- [Given material]:
•••

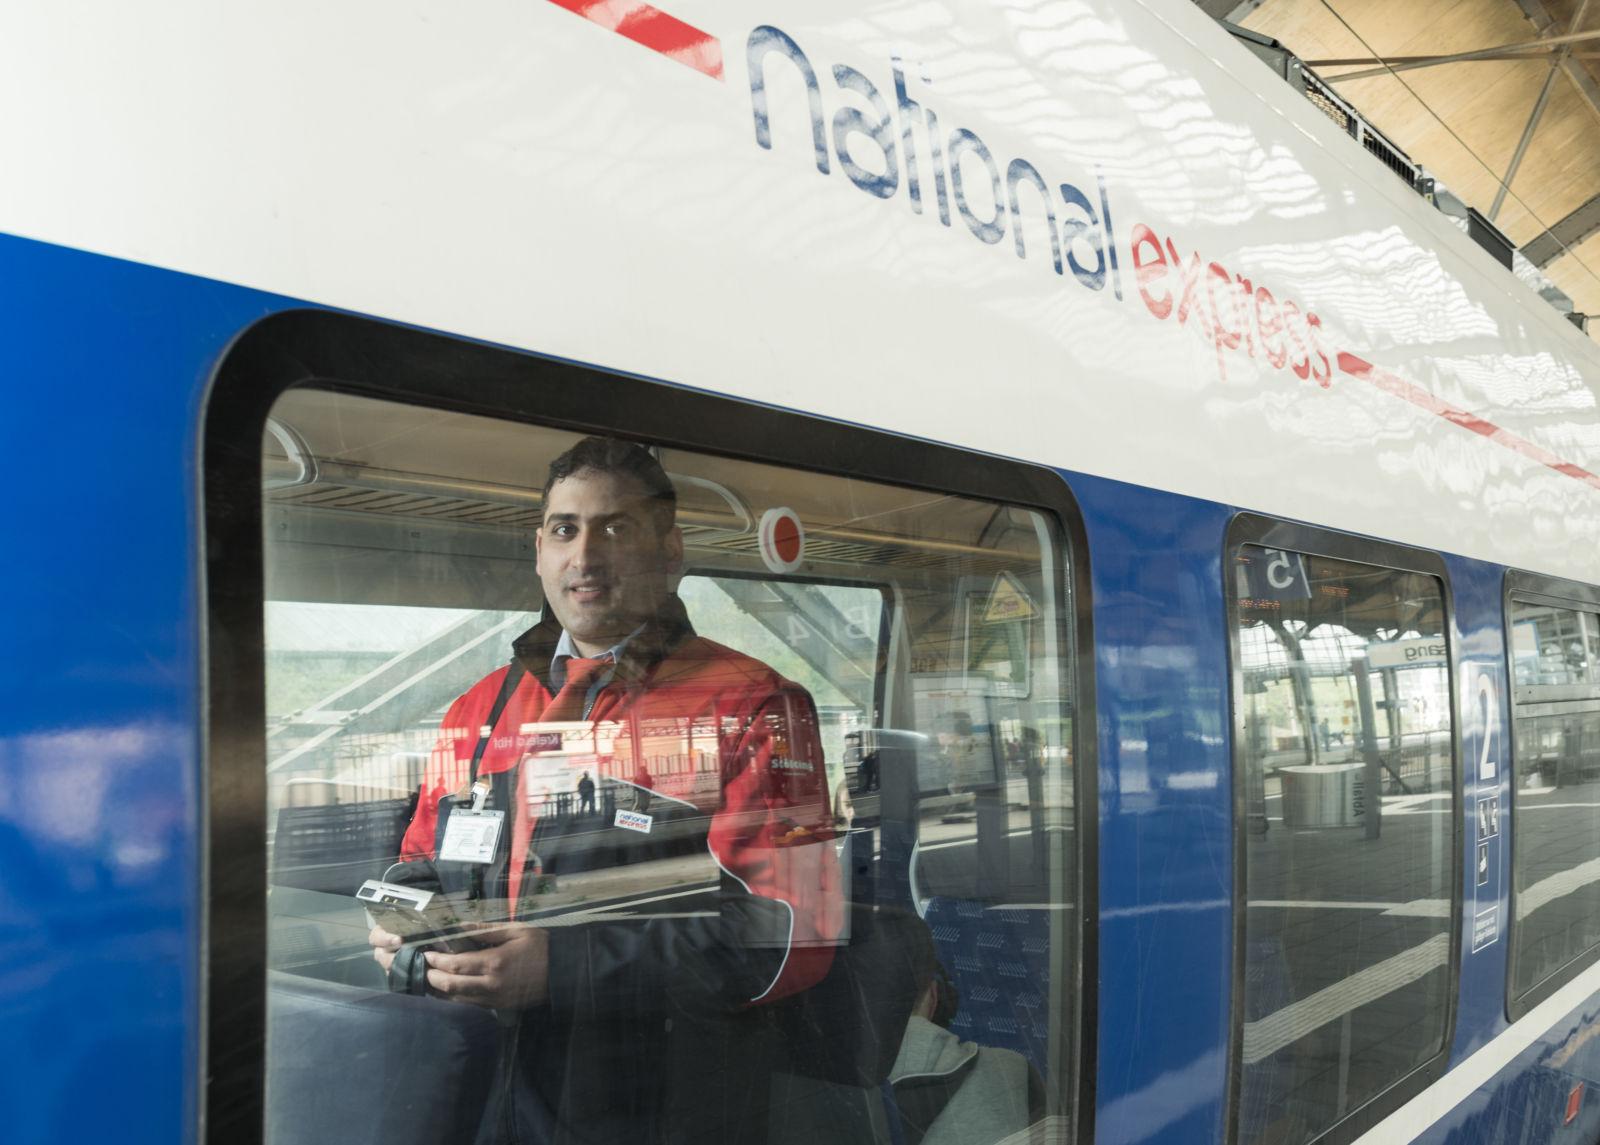 Eisenbahner mit Herz 2017 Sadik Tubay, National Express
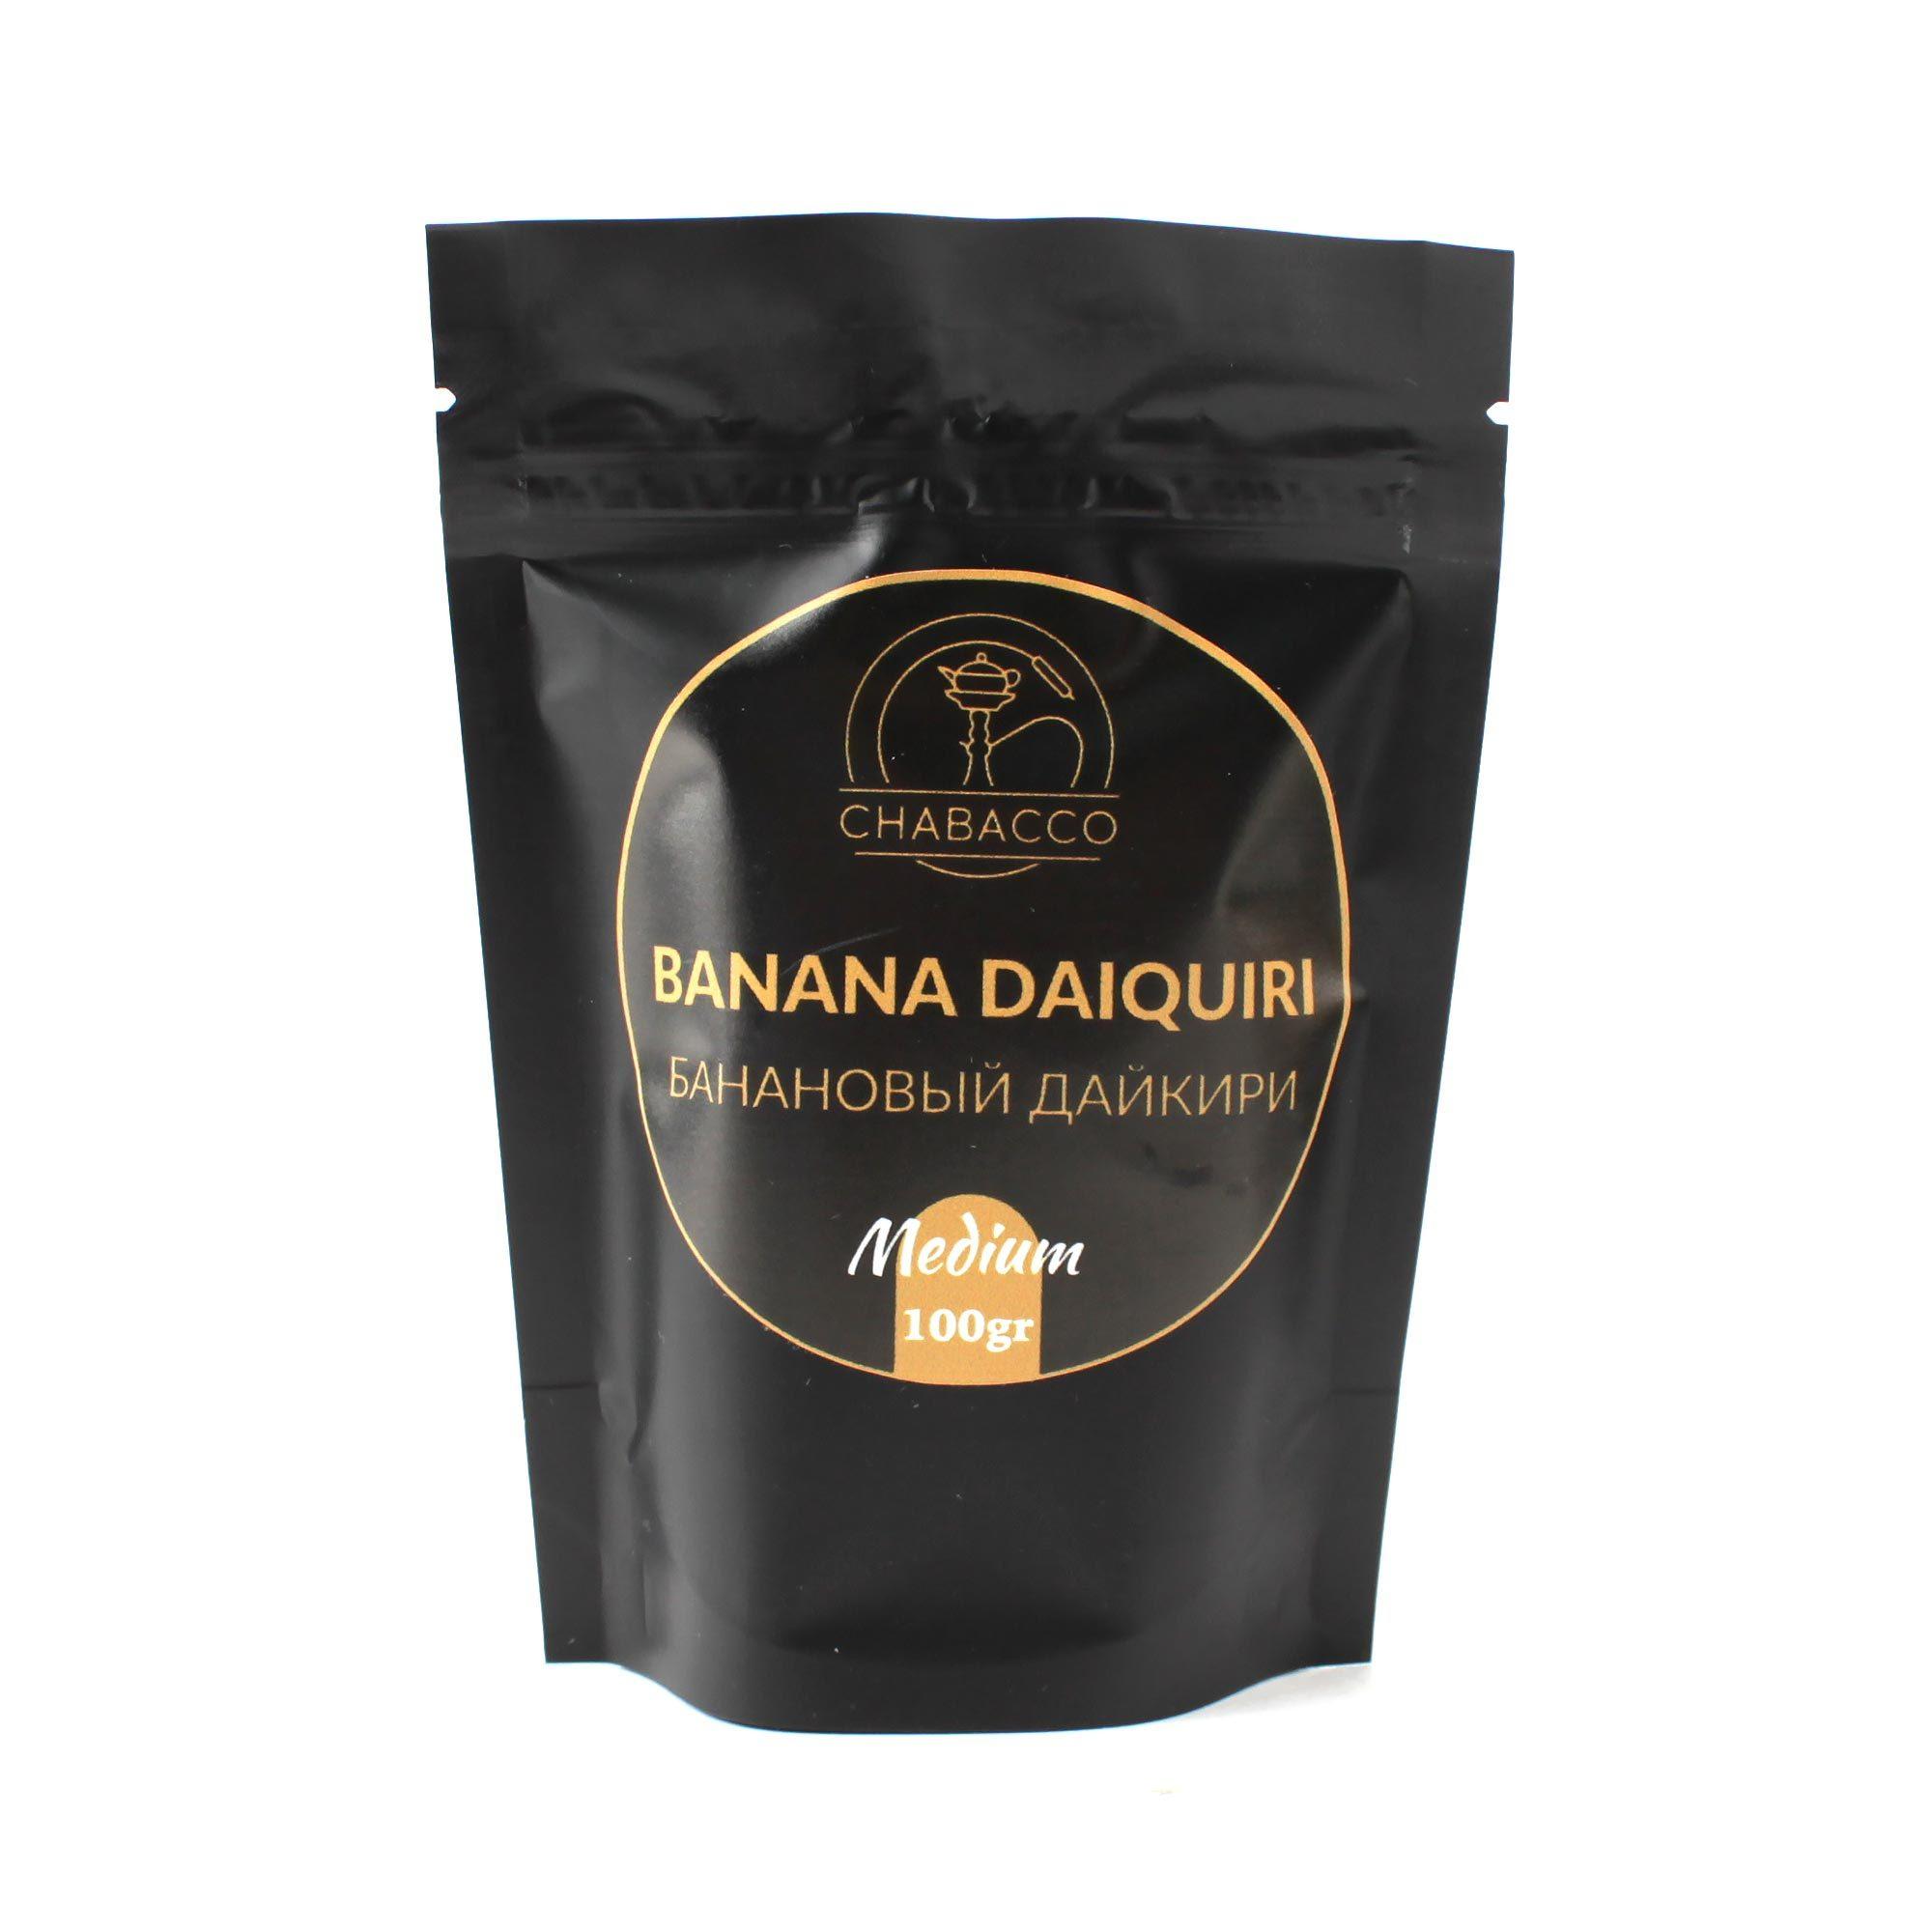 Кальянная смесь Chabacco Medium 100 гр Banana Daiquiri
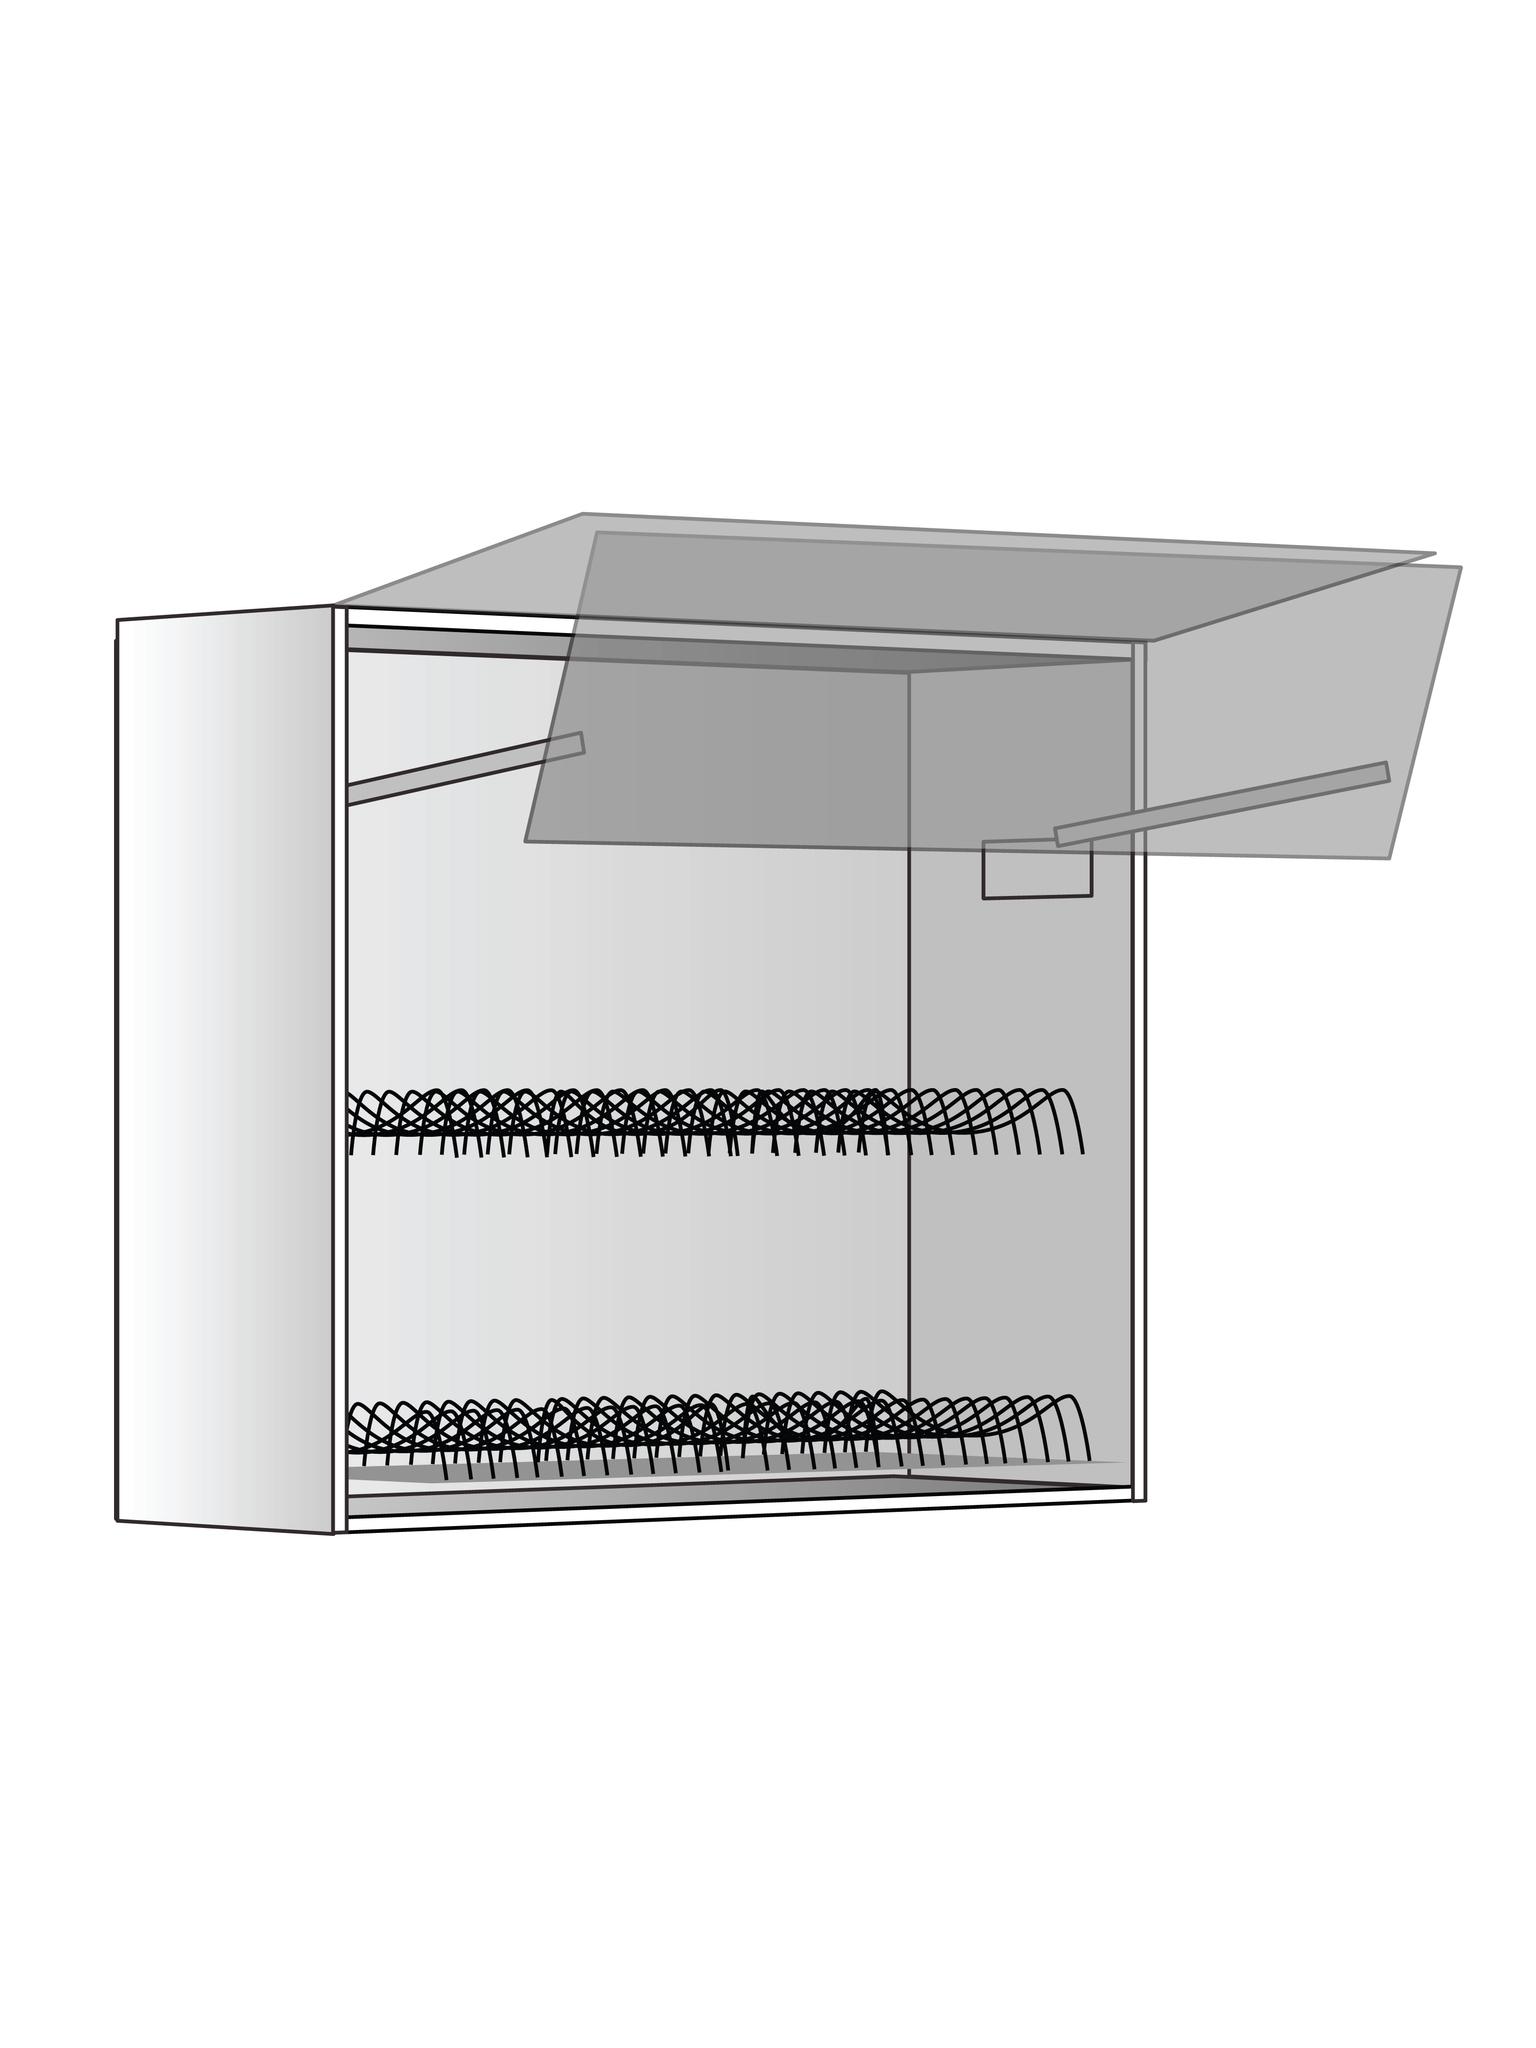 Верхний шкаф c сушилкой и подъемником, 720Х800 мм

•••

Could the data be reproduced exactly, with the pictures omitted?

- [Exercise output]:
 Eisenbahner mit Herz 2017 Sadik Tubay, National Express
 Кальянная смесь Chabacco Medium 100 гр Banana Daiquiri
 Верхний шкаф c сушилкой и подъемником, 720Х800 мм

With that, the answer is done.